We examine two new epidemiology parameters. GPI is a quantitative score based on empirically observed epidemiological survival that predicts the RH and survival of different ARG combination genotypes (Table 3 and Fig. 2). This weighting is an early step toward predicting AIDS outcome among infected individuals by considering the survival influence of the genotypes they carry. EF is an information theory–based parameter designed to estimate the portion of epidemiological variance in an epidemic that is due to a particular ARG genotype or composite multilocus genotype. A modest percentage (9%) of the variation in AIDS progression kinetics are explained by the sum of ARGs now known, butt that fraction is comparable to the same estimate of smoking influence on lung cancer (9.7–11.5%), a well-known epidemiological factor.

The nexus of epidemiological patient cohorts and population genetic–based association approaches has shown that gene-based epidemiological analysis is a powerful tool for implicating multiple associated loci in complex disease.
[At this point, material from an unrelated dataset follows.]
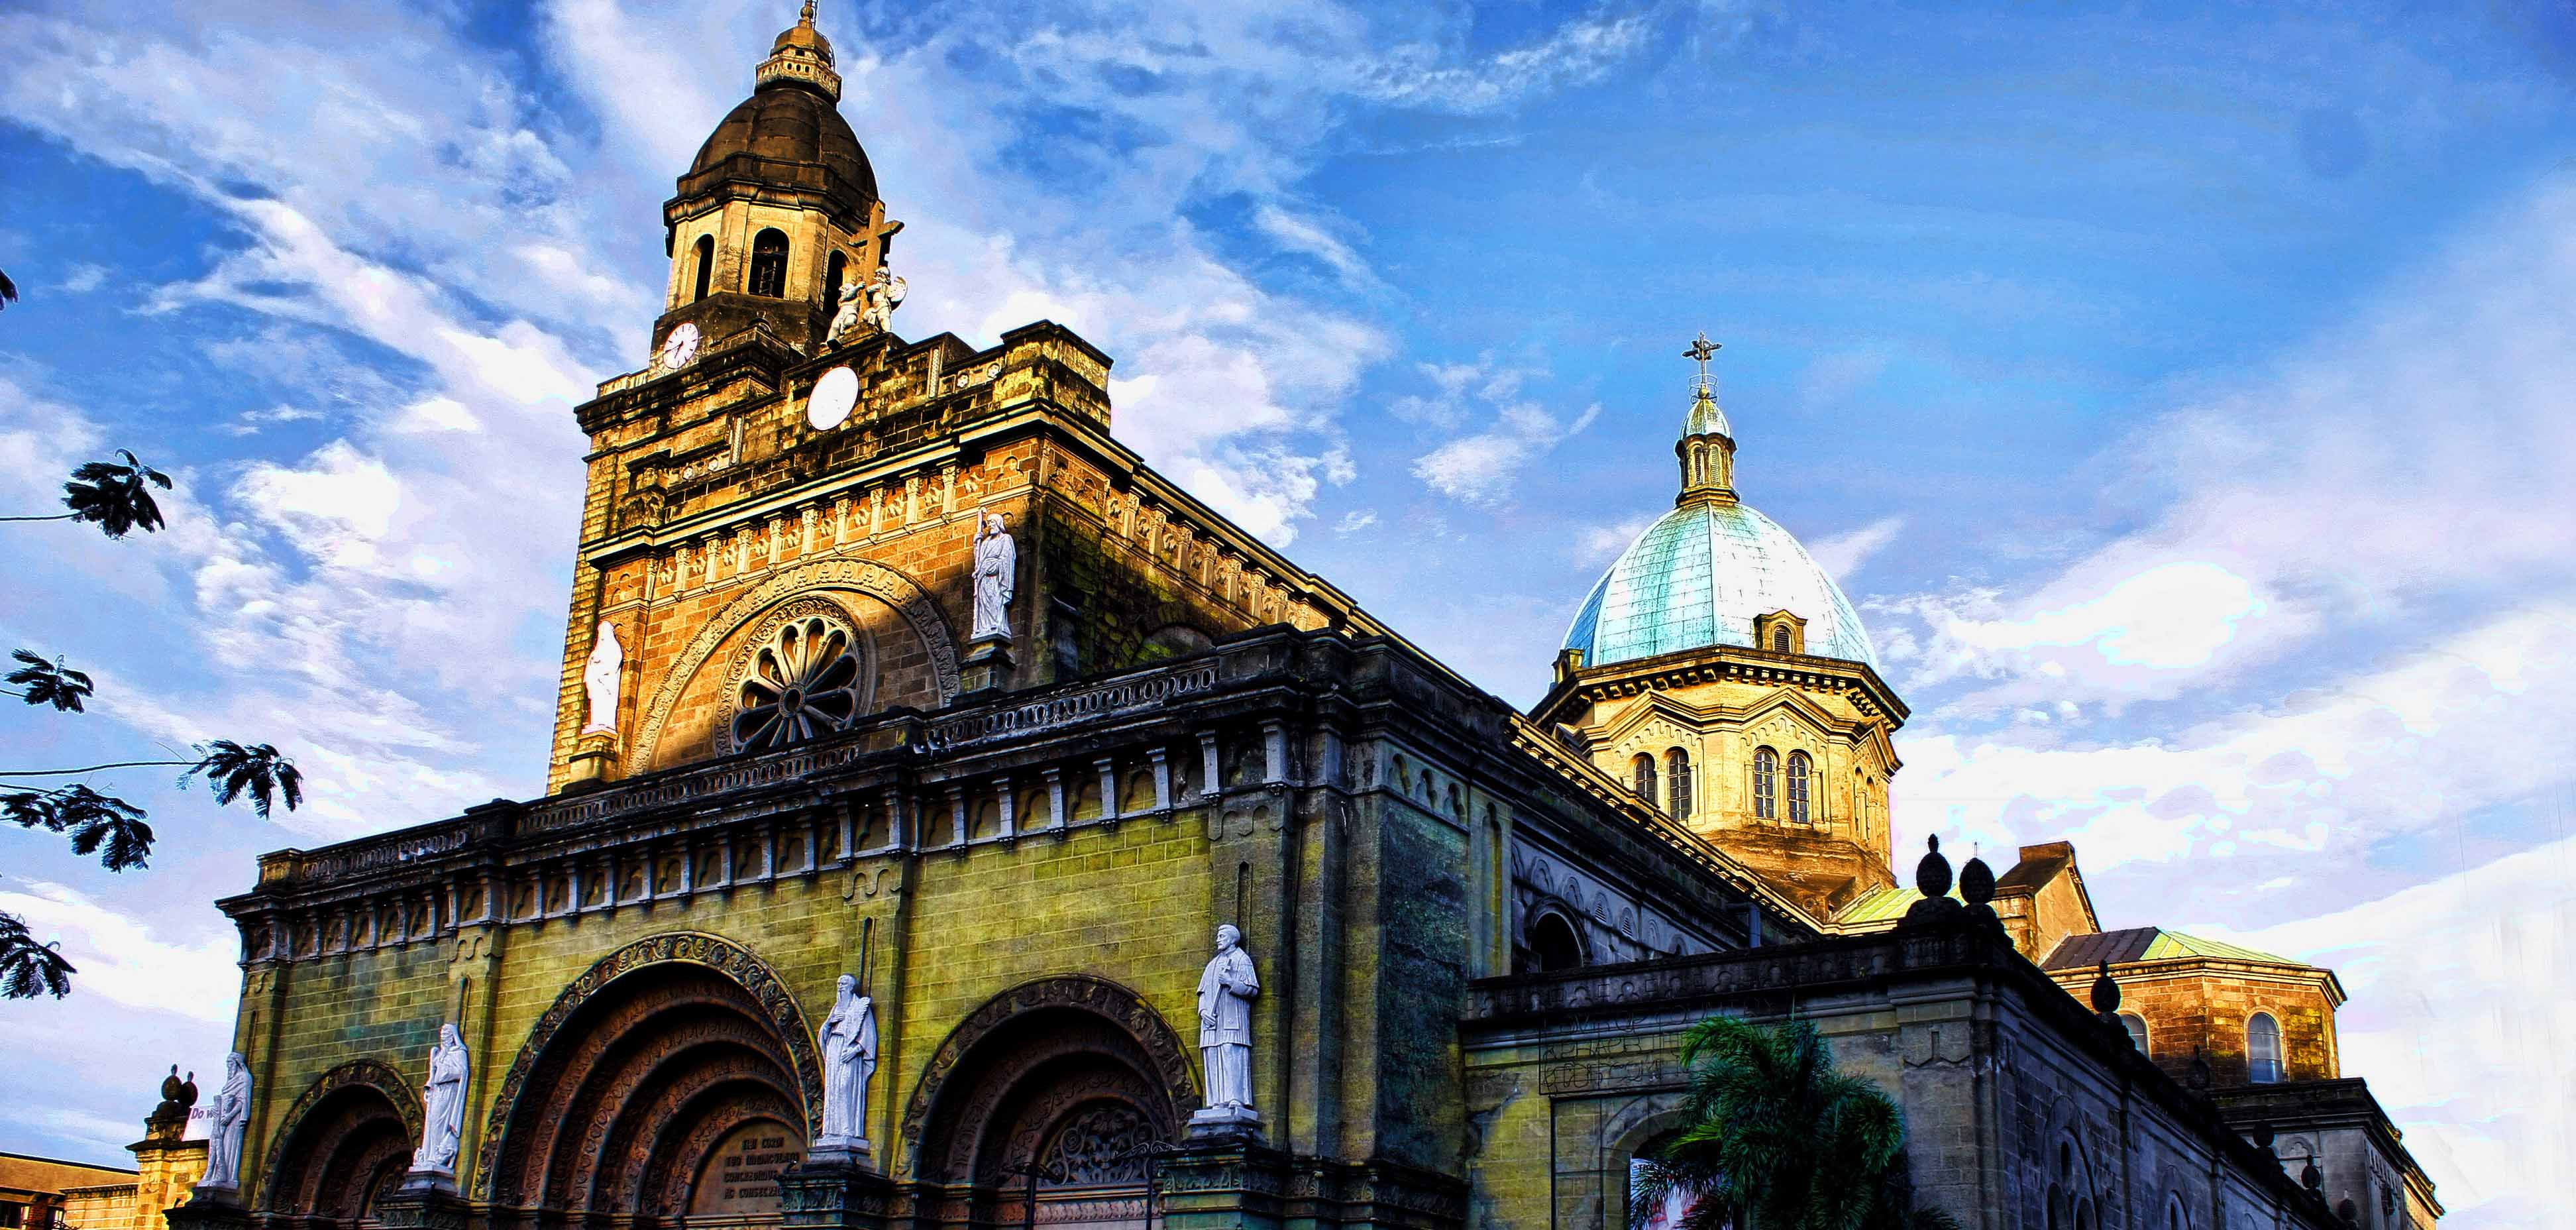 Rizal Park Hotel - Manila Cathedral
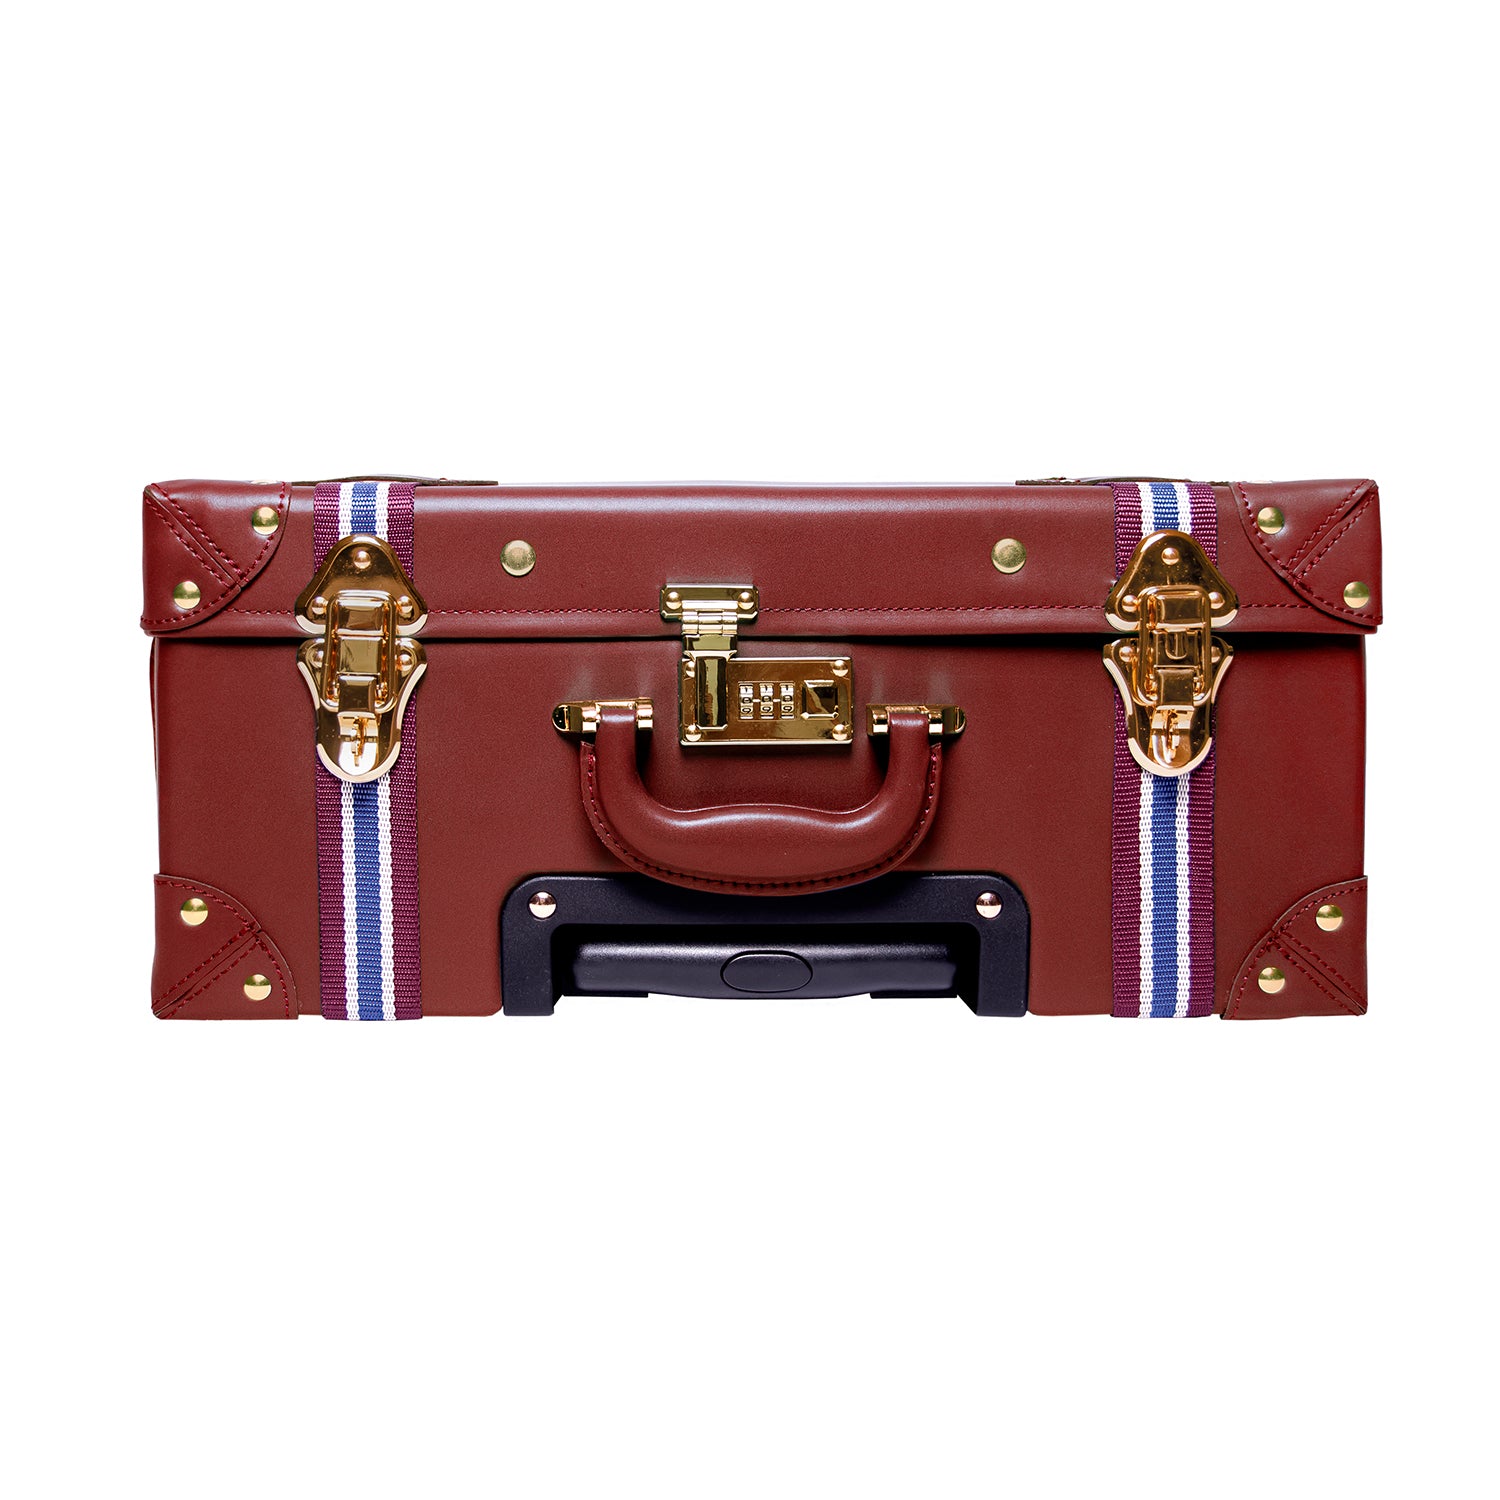 The Cambridge Burgundy Suitcase

The identification and validation of the ARGs in Table 2 offer hope that additional genes not yet known will be discovered not only among known candidate genes, but also by SNP haplotype-based association in high-density genome scans of clinically well-described epidemiological cohorts81. We estimate that more than 90% of the genetic and nongenetic influence on AIDS progression in people infected with HIV-1 is undiscovered. Nonetheless, the validation and interpretation of the 14 known ARGs lends credence to the future search by genome-wide association scans of available cohort populations. The consequences of further investigation will be valuable if their translational benefits include improved diagnostics and treatment for AIDS.